Duality in geometric graphs: vector graphs, Kirchhoff graphs and Maxwell reciprocal figures (Q2412324)

Summary: We compare two mathematical theories that address duality between cycles and vertex-cuts of graphs in geometric settings. First, we propose a rigorous definition of a new type of graph, vector graphs. The special case of \(\mathbb{R}^2\)-vector graphs matches the intuitive notion of drawing graphs with edges taken as vectors. This leads to a discussion of Kirchhoff graphs, as originally presented by the third author [SIAM J. Appl. Math. 70, No. 2, 543--562 (2009; Zbl 1220.05126); Ars Math.
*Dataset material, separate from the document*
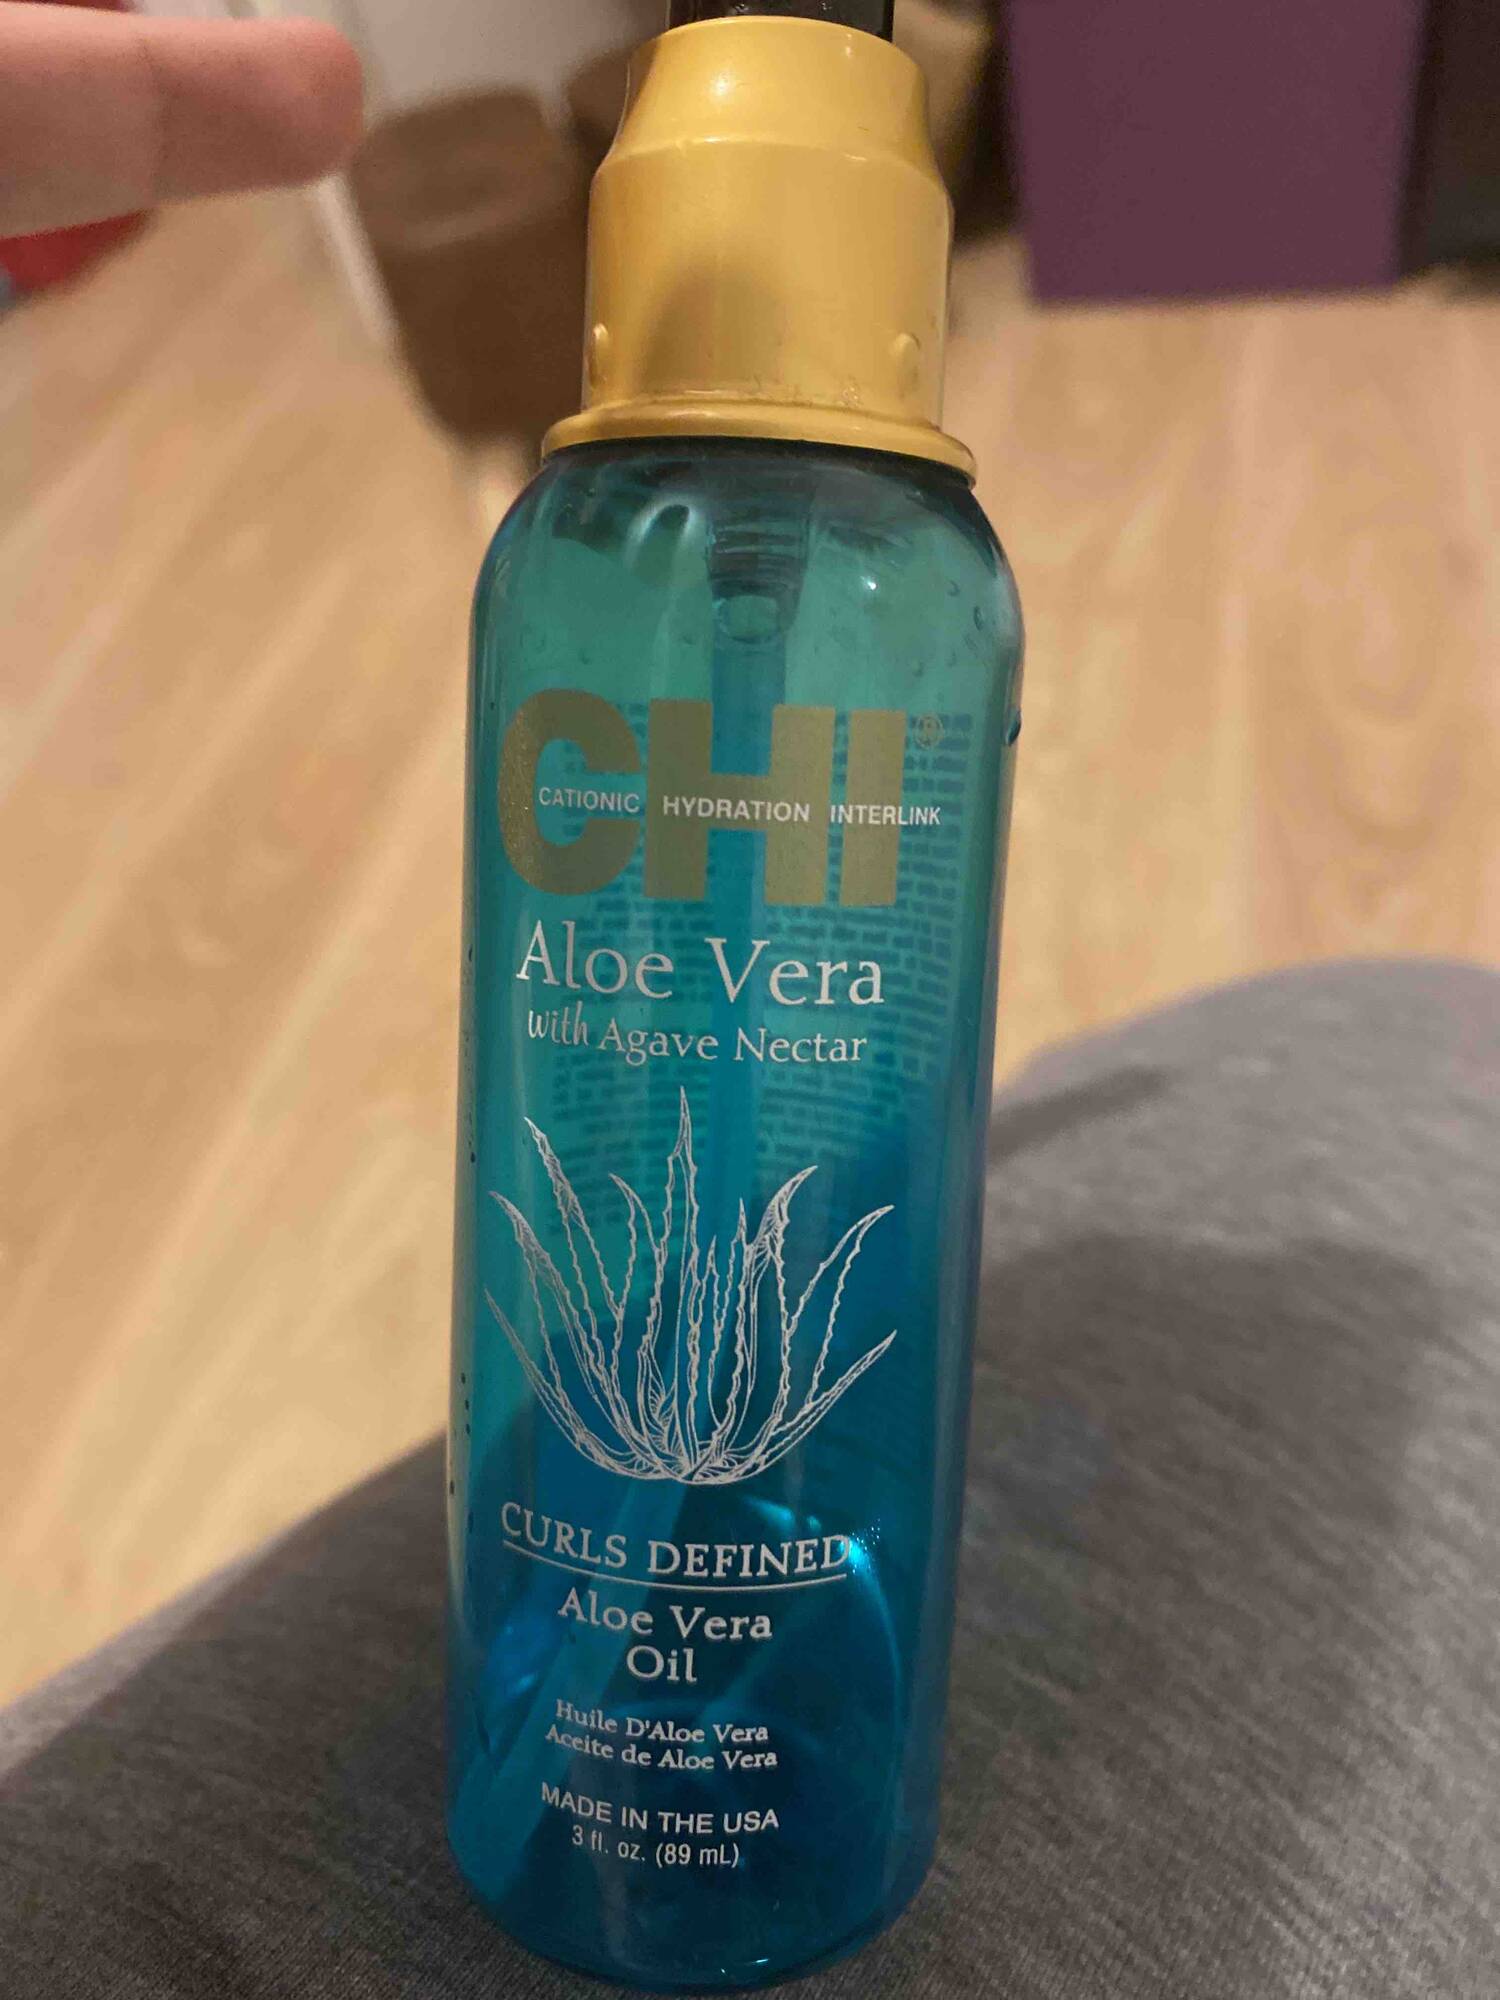 CHI - Aloe vera with agave nectar - Aloe vera oil

Contemp. 9, No. 1, 125--144 (2015; Zbl 1329.05130)], which can be defined independent of any matrix relations. In particular, we present simple cases in which vector graphs are guaranteed to be Kirchhoff or non-Kirchhoff. Next, we review Maxwell's method of drawing reciprocal figures as he presented in 1864, using modern mathematical language. We then demonstrate cases in which \(\mathbb{R}^2\)-vector graphs defined from Maxwell reciprocals are ``dual'' Kirchhoff graphs. Given an example in which Maxwell's theories are not sufficient to define vector graphs, we begin to explore other methods of developing dual Kirchhoff graphs.